Step 3: Respect the send (i.e. encourage them to take it & help them protect it)
This is outdoor adventure lingo, for when someone in a kayak or on skis is about to “send it” in only the direction and way that they can. It’s also a fancy way of saying, “do it!” and encouraging their effort. For people who need solitude, “sending it” does not look like a full social calendar, sending it might look more-so like a hard no to a high pressure invitation, it might look like a bubble bath on a Friday night instead of drinks with colleagues. When your partner is trying their best to give themselves what they need to let their soul breathe? Respect the send. And know that typically, we don’t take ourselves out of the game unless we really really need it.

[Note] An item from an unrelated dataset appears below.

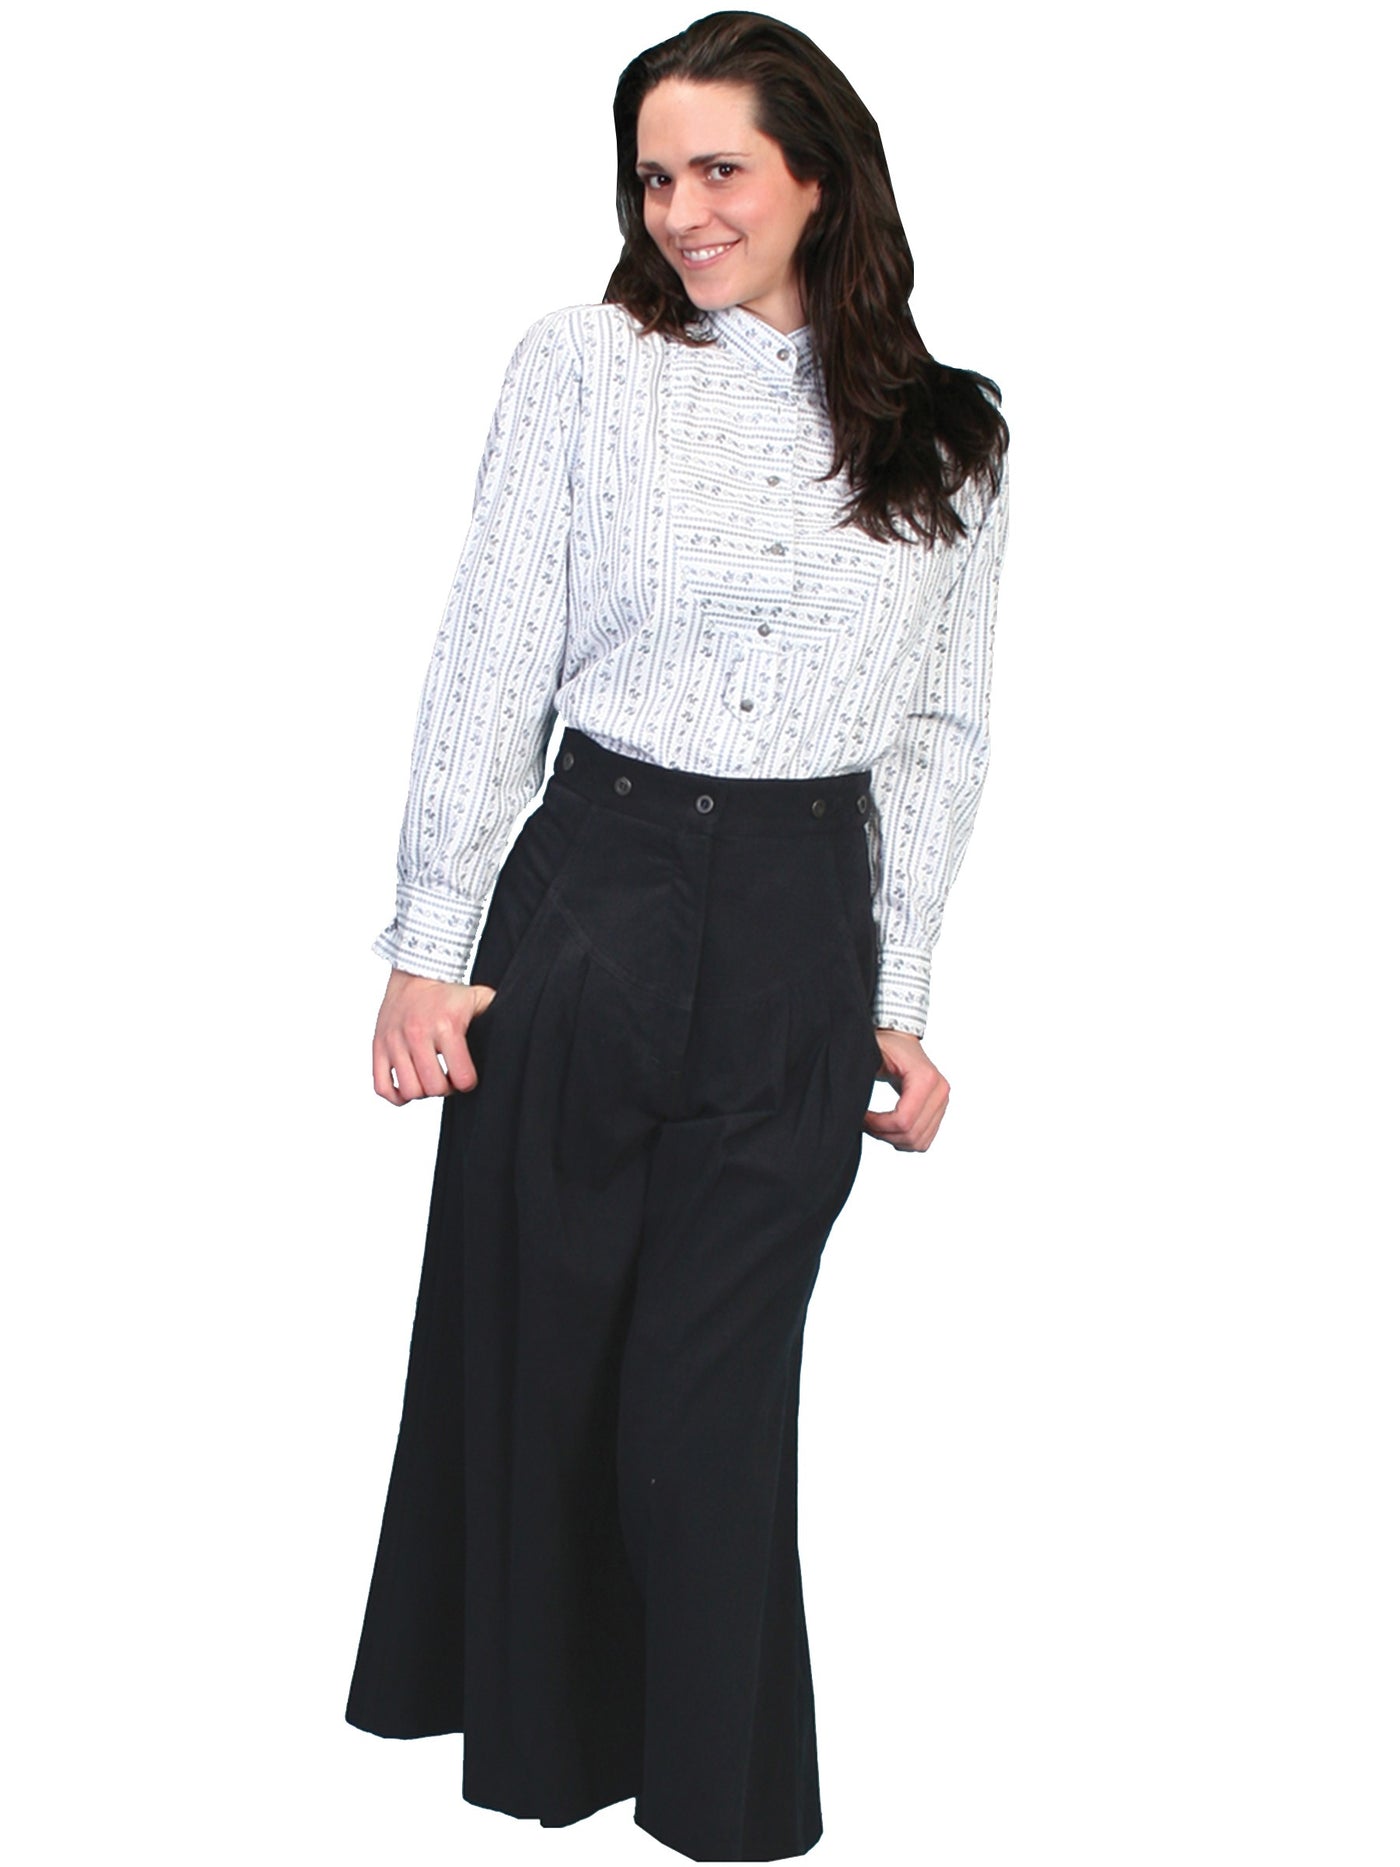 Cowgirl Horse Riding Shortened Trousers in Black - SOLD OUT

Step 4: Enjoy a filled up version of your loved one (their preference too)
Some of you may experience frustration in wanting to spend time with your loved one, only to realize they need to be alone. I want to offer you some wisdom. For those you who know and love someone that requires solitude: let them take it at reckless abandon. And when they do take it, whether it is for a few minutes or a few months, resist the urge to make it about you. It’s not about you. It is about them, making a choice in self-love to go breathe in their air.
Picture that person underwater, drowning just under the surface where you can still see their face. They can’t breathe. Wouldn’t you want that person you love to be able to breathe? Let them up. Let them breathe their air. If you love them, if you want them to bring all the presence and energy that only they can bring, let them breathe. And don’t judge them when they ask for their oxygen. Better yet, if you love them, help them protect it.
This world is one of constant pressuring to be ‘on’, to do more and be more, and no matter what, to stay busy. Perhaps you could let the solitary souls you love lead a quiet revolution, maybe you could even learn to love their quest for quiet, and take their lead. At the very least, respect their lead when they are leading themselves back home.
So for those of you that don’t understand why some people can’t do all of the activities, can’t take part in every family dinner, can’t seem to ‘keep up’ with everyone else – please know they are answering their higher call and keeping up with themselves. And they, their relationships, and the world – are all better for it when they do.